### [The data]
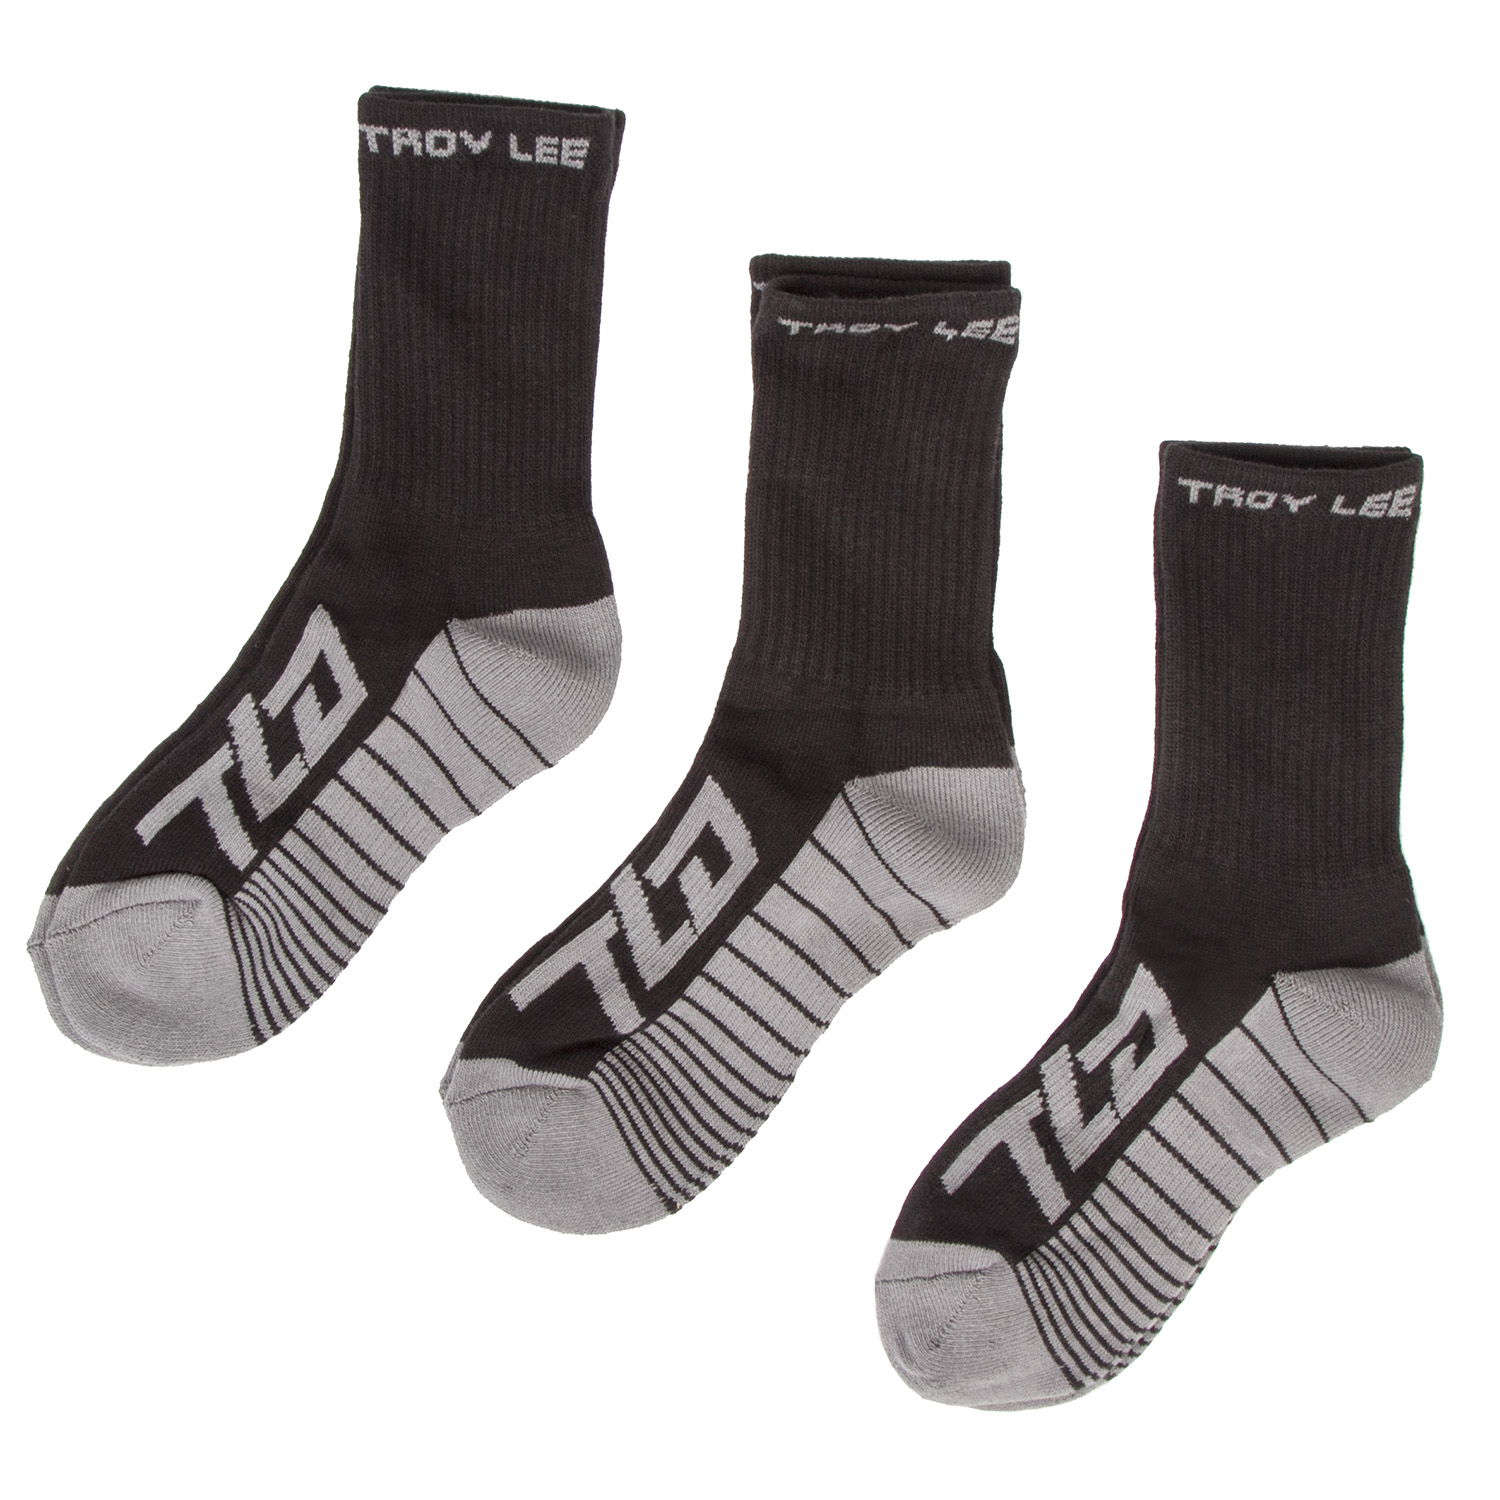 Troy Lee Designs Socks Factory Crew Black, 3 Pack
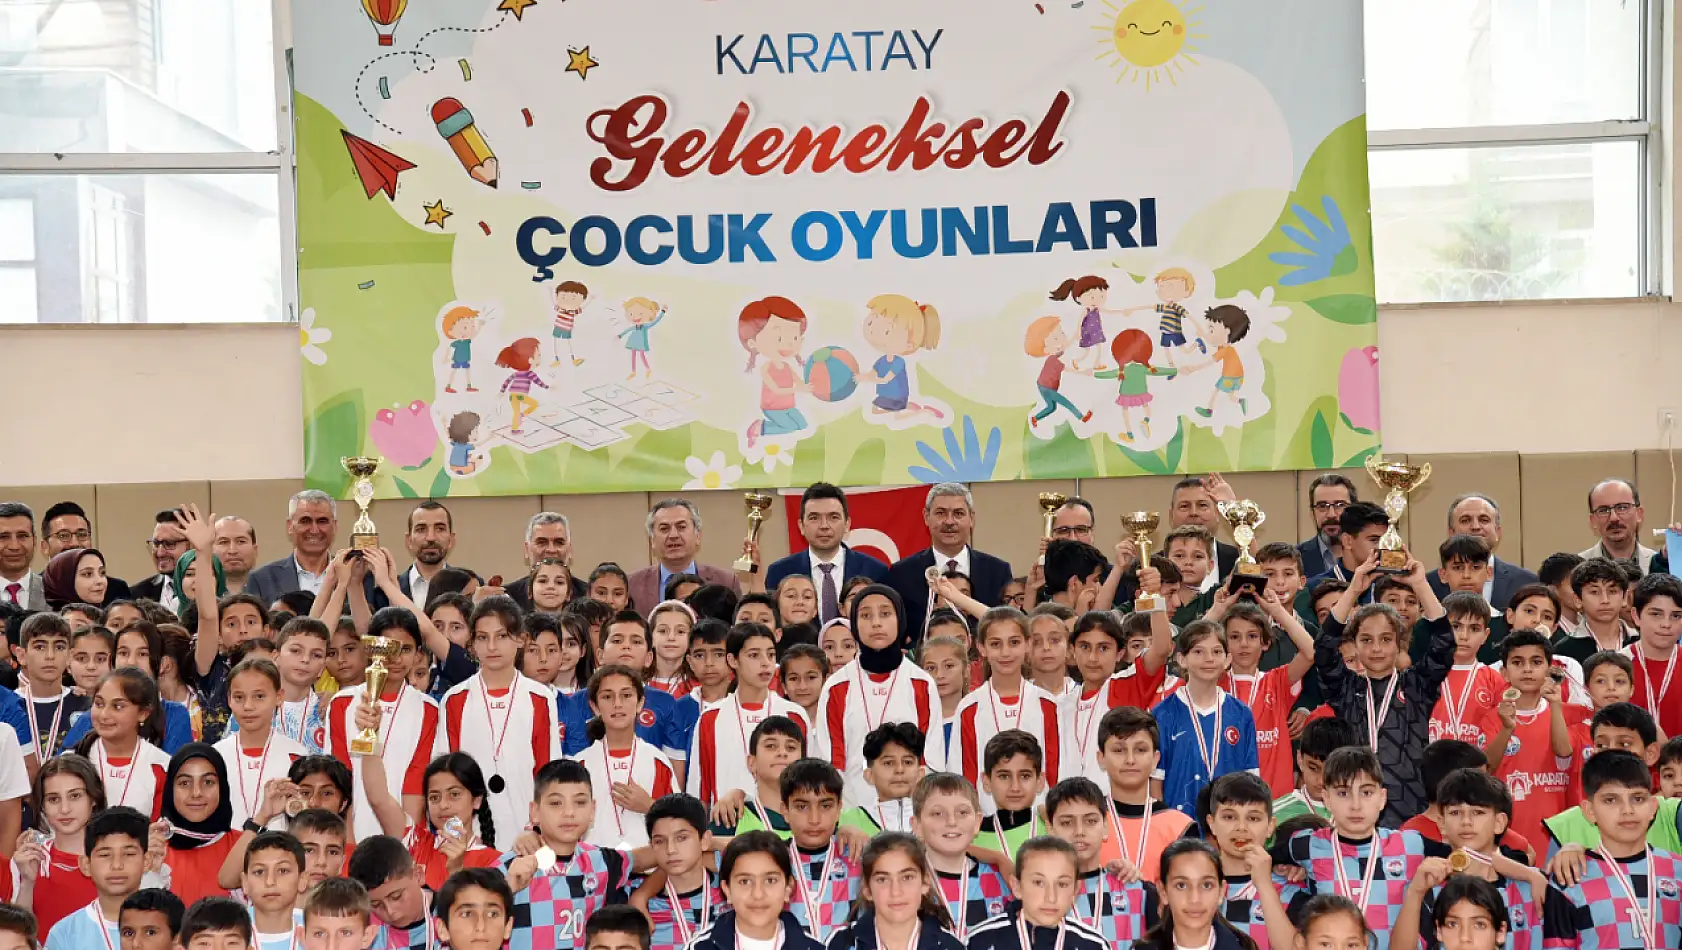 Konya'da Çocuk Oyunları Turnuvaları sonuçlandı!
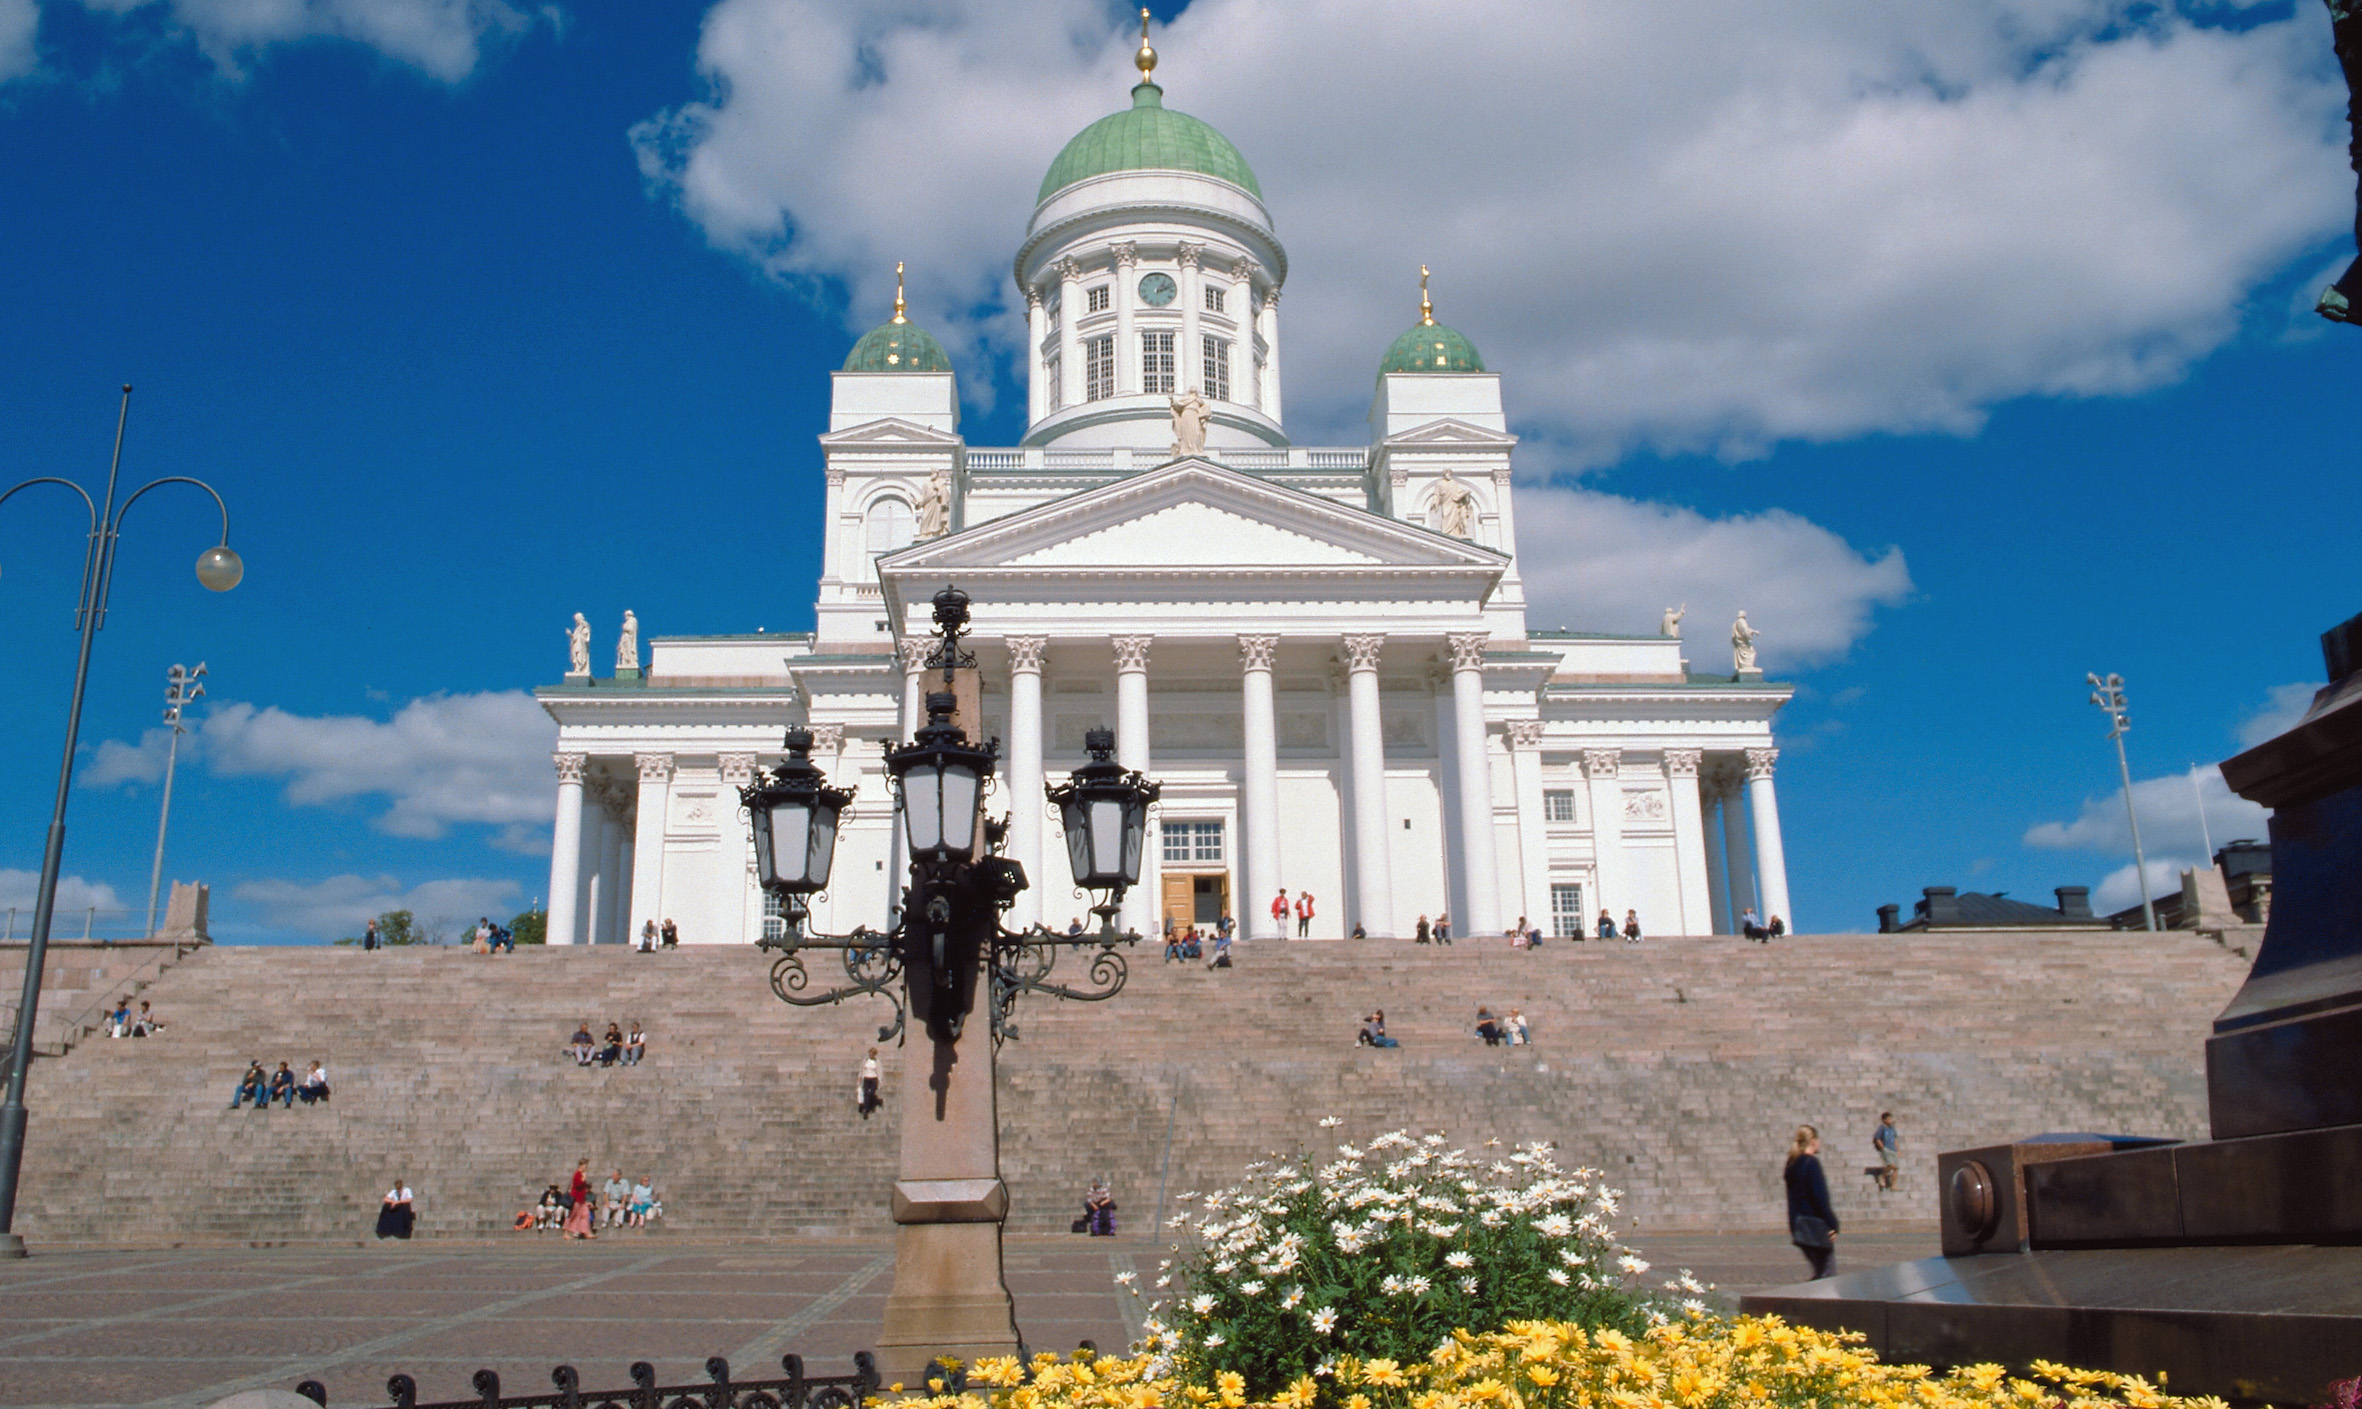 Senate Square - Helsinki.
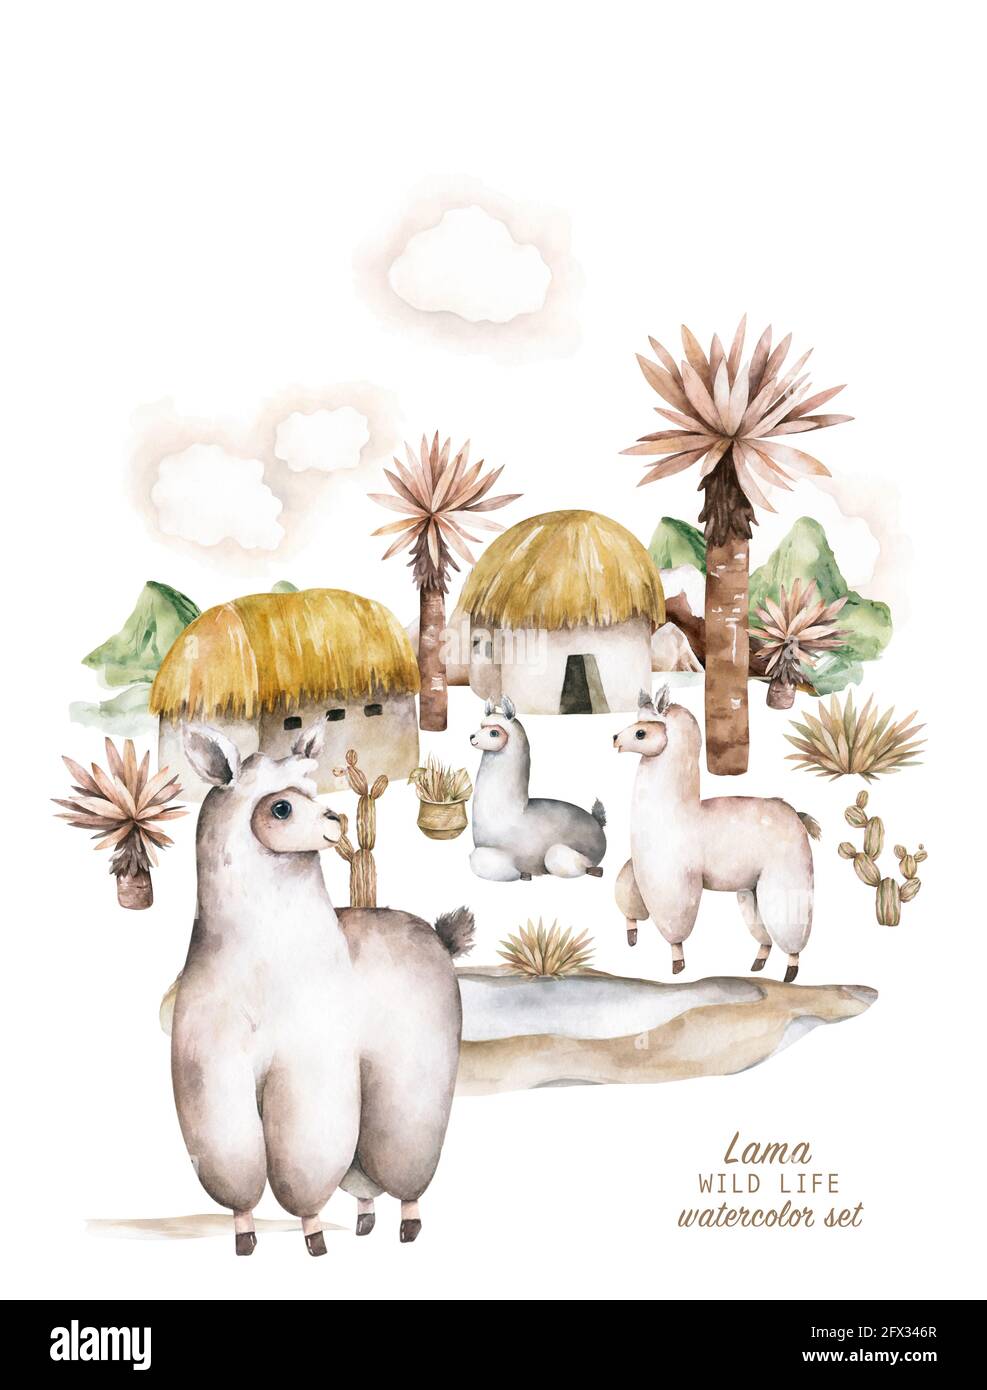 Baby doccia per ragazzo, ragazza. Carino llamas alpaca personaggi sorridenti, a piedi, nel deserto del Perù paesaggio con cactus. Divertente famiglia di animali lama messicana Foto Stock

### [What is needed]
Pictures in the data above should not be copied; transcribe everything else exactly.

### [Answer space]
 Troy Lee Designs Socks Factory Crew Black, 3 Pack
 Konya'da Çocuk Oyunları Turnuvaları sonuçlandı!
 Senate Square - Helsinki.
 Baby doccia per ragazzo, ragazza. Carino llamas alpaca personaggi sorridenti, a piedi, nel deserto del Perù paesaggio con cactus. Divertente famiglia di animali lama messicana Foto Stock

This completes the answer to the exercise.